After the Soviet Union backed down during the Cuban missile crisis in reaction to US strategic pre-emptive superiority, the Soviets embarked on a massive buildup of its strategic nuclear forces. Given the ensuing greater parity in strategic forces, the United States adopted the doctrine of flexible response in 1967, whereby NATO would respond in a measured fashion to Warsaw Pact provocations (Rearden 1995). Directive MC 14/3 formally embodied the doctrine of flexible response, where Soviet conventional aggression in Europe would be first met with a NATO conventional force response that would escalate as warranted (North Atlantic Military Committee, 1968). Flexible response meant that conventional, tactical nuclear (short-range battlefield nuclear weapons), and strategic nuclear forces became complementary (Murdoch and Sandler 1984). Most important, those force deployments would yield joint products with varying degrees of publicness.
For the initial period of flexible response during 1967–1981, the enhanced importance and deployment of conventional forces meant that the thinning of forces became more relevant. That focus brought up the notion of perimeter defense as a weakest-link public good in which the least fortified border could invite an enemy incursion that reduced the protection of all behind-the-front allies – see Hirshleifer (1983) on weakest-link public goods whose level equals the smallest contribution. Flexible response motivated European NATO allies to build up their conventional forces so as not to draw Soviet aggression (Sandler, 1977; Sandler and Forbes, 1980; Sandler and Murdoch, 1990). As a result, NATO’s disproportionate burdens based on GDP was reduced, along with suboptimality of defense provision. By raising the importance of conventional forces in Europe, US share of total NATO ME fell, while other NATO European allies’ residual share of total NATO ME increased – a prediction supported in the next section. Flexible response also gave rise to more ally-specific benefits than MAD, which improved benefit-burden concordance as allies defense spending burdens were increasingly guided by their own gains. Finally, force thinning justified limiting alliance size as geographically larger allies require more protective conventional forces.
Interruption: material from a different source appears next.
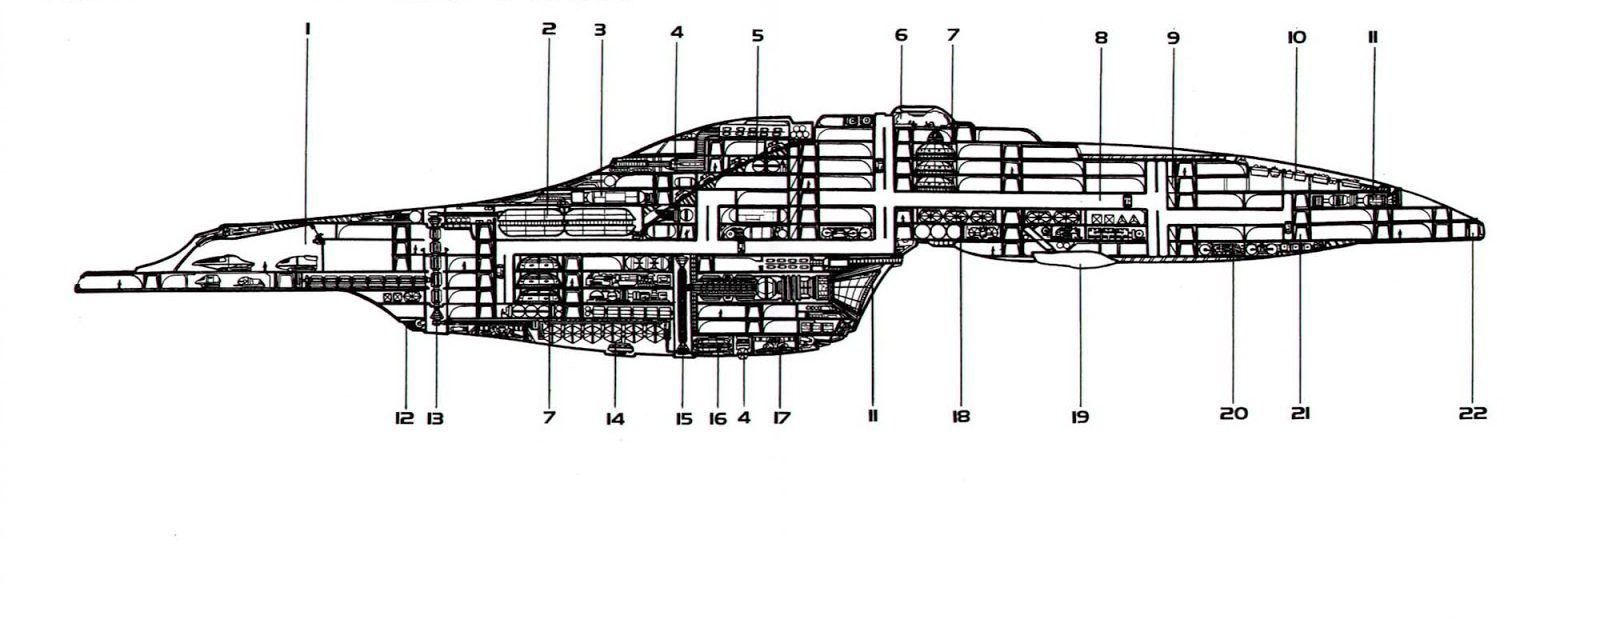 Voyager deck listing

The later period of flexible response roughly ran from 1982 to 1990, marked by Reagan’s enhanced defense procurement and strategic buildup, France and UK strategic buildup, the development of precision-guided munitions, and forward-defense (“deep strike”) strategy. The latter meant that NATO acquired the ability to strike enemy assets well behind the front with the Warsaw Pact. These developments enhanced the relative share of pure public joint products making for disproportionate burden sharing, reduced benefit-burden concordance, and greater suboptimal ME.
With the 1991 dissolution of the Warsaw Pact and the Soviet Union, NATO sought a new mission to replace the Cold War (Asmus, 1997; Gompert and Larrabee, 1997; Hartley and Sandler, 1999). As Russia was then viewed as less of a threat, NATO allies started to take advantage of a “peace dividend” by redirecting some of their ME to social programs. At the Oslo Summit in 1992, NATO embraced the need for enhanced peacekeeping in a world besieged by civil wars (Asmus 1997, 37). NATO agreed to the development and deployment of Combined Joint Task Forces (CJTFs), which are NATO-drawn rapid-deployment forces, at the Brussels Summit of 1994. NATO peacekeeping troops and personnel were subsequently deployed to Bosnia in December 1995 as an Implementation Force (IFOR), followed a year later there by the Stabilization Force (SFOR). Another NATO peacekeeping deployment went to Kosovo in 1999 as KFOR. NATO’s Article 6 justified those and other out-of-area deployments (e.g., in Afghanistan after 9/11).
The crisis management doctrine increased the share of pure public joint products, thereby enhancing disproportionate burden sharing based on allies’ GDP (Hartley and Sandler, 1999; Sandler and Murdoch, 2000, 307-308). Additionally, with the greater share of purely public outputs, enhanced crisis management was anticipated to augment defense spending suboptimality, free riding, and alliance inclusion, and to reduce benefit-burden concordance. When successful, NATO peacekeeping offered an increased measure of world stability and security that enriched all allies – contributors and noncontributors alike. The enrichment concerned more limited refugee flows, more stable resource supply flows, reduced terrorism, and diminished conflict spillovers. Because the peacekeeping portion of NATO ME is small, the anticipated influences on burden sharing may not always show up (Sandler and Shimizu 2014).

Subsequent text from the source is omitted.